Commit notes: Added error handling

[–] firewallfail@lemmy.world 62 points 1 month ago (1 children)

Returning 10 instead of x when x finally ends up being 10 really ties it together.

[–] OshaqHennessey@midwest.social 28 points 1 month ago

I'm glad you noticed. That was my favorite part too.

[–] NikkiDimes@lemmy.world 4 points 1 month ago (1 children)

SyntaxError: Unexpected token 'catch'

[–] OshaqHennessey@midwest.social 9 points 1 month ago

Coding on mobile is hard

[–] edinbruh@feddit.it 41 points 1 month ago (1 children)

For a time on Reddit (some years ago when I still used it) there was a trend of finding the worst way of implementing is_even(x: int) -> bool. My contribution to that was a function that ran Ackerman(x,x) flipping a Boolean at every iteration, and check if it was true or false at the end.
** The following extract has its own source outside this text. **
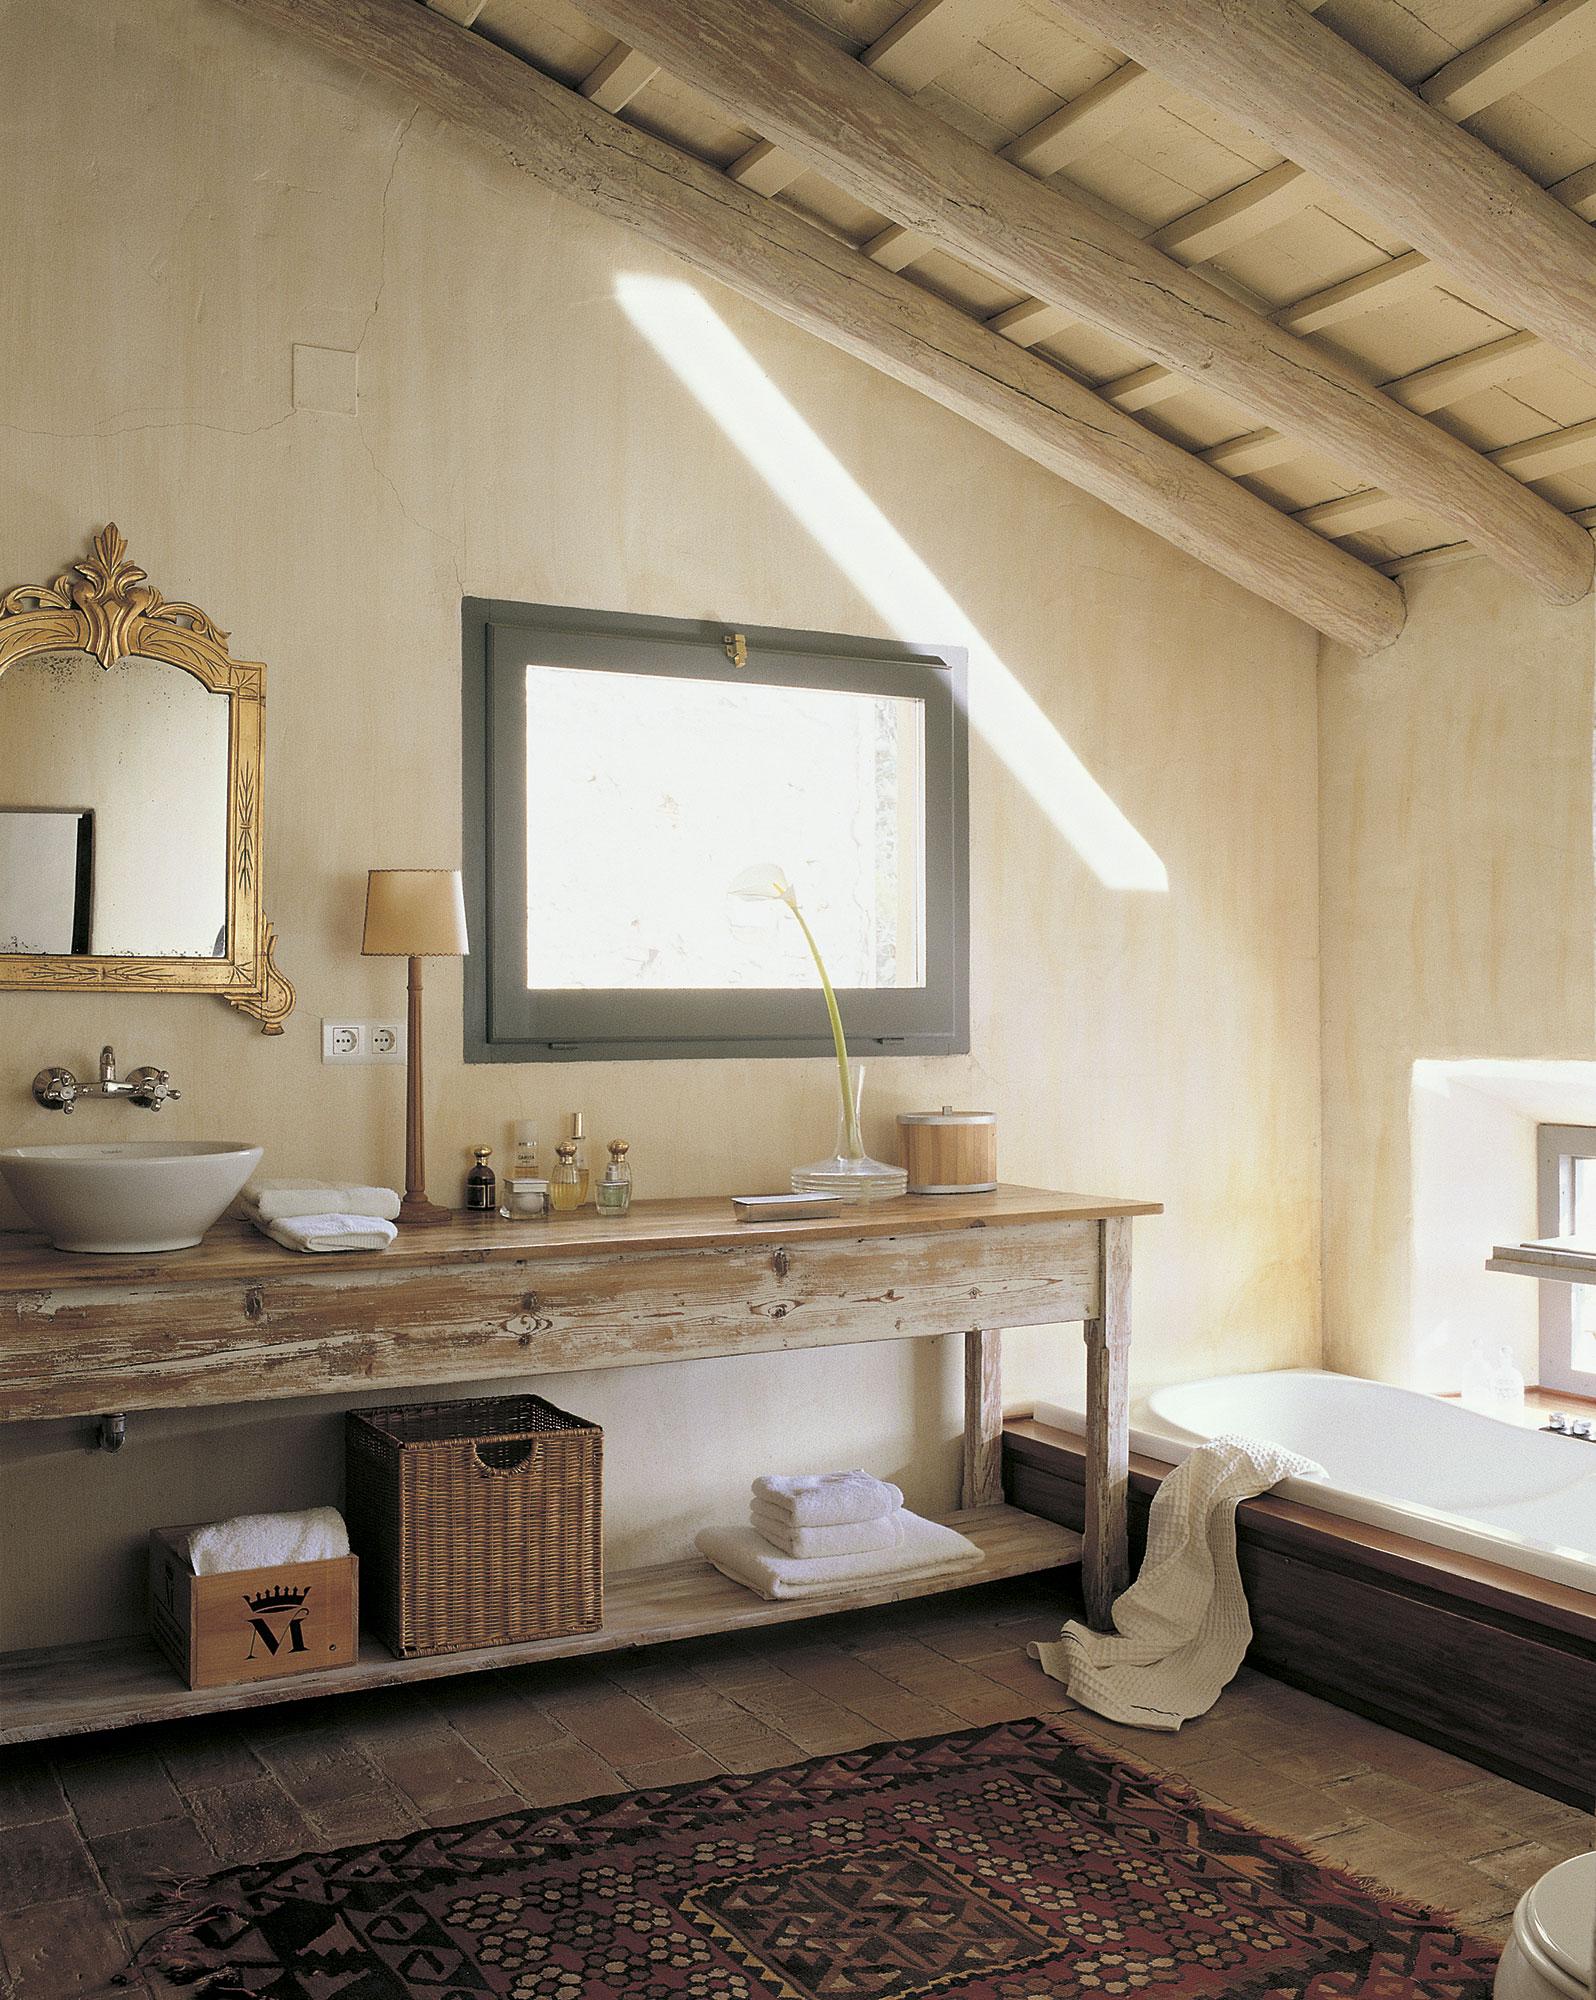 bano-rustico-con-mueble-de-almoneda_318c95b6

It works btw, I will find the proof later

[–] uranibaba@lemmy.world 13 points 1 month ago (1 children)

I would love to see the implementaion.

[–] edinbruh@feddit.it 19 points 1 month ago* (last edited 1 month ago) (6 children)

The implementation is not very exciting, I capture a variable in python. It could have been done more cleanly.

1000041934

The proof is this. But, I could have made mistakes, it was many years ago.

1000041935

Note that in python you'll never be able to run is_even(5) the stack cannot handle it

Edit: daaaamn, that variable is ugly as hell. I would never do things like that now.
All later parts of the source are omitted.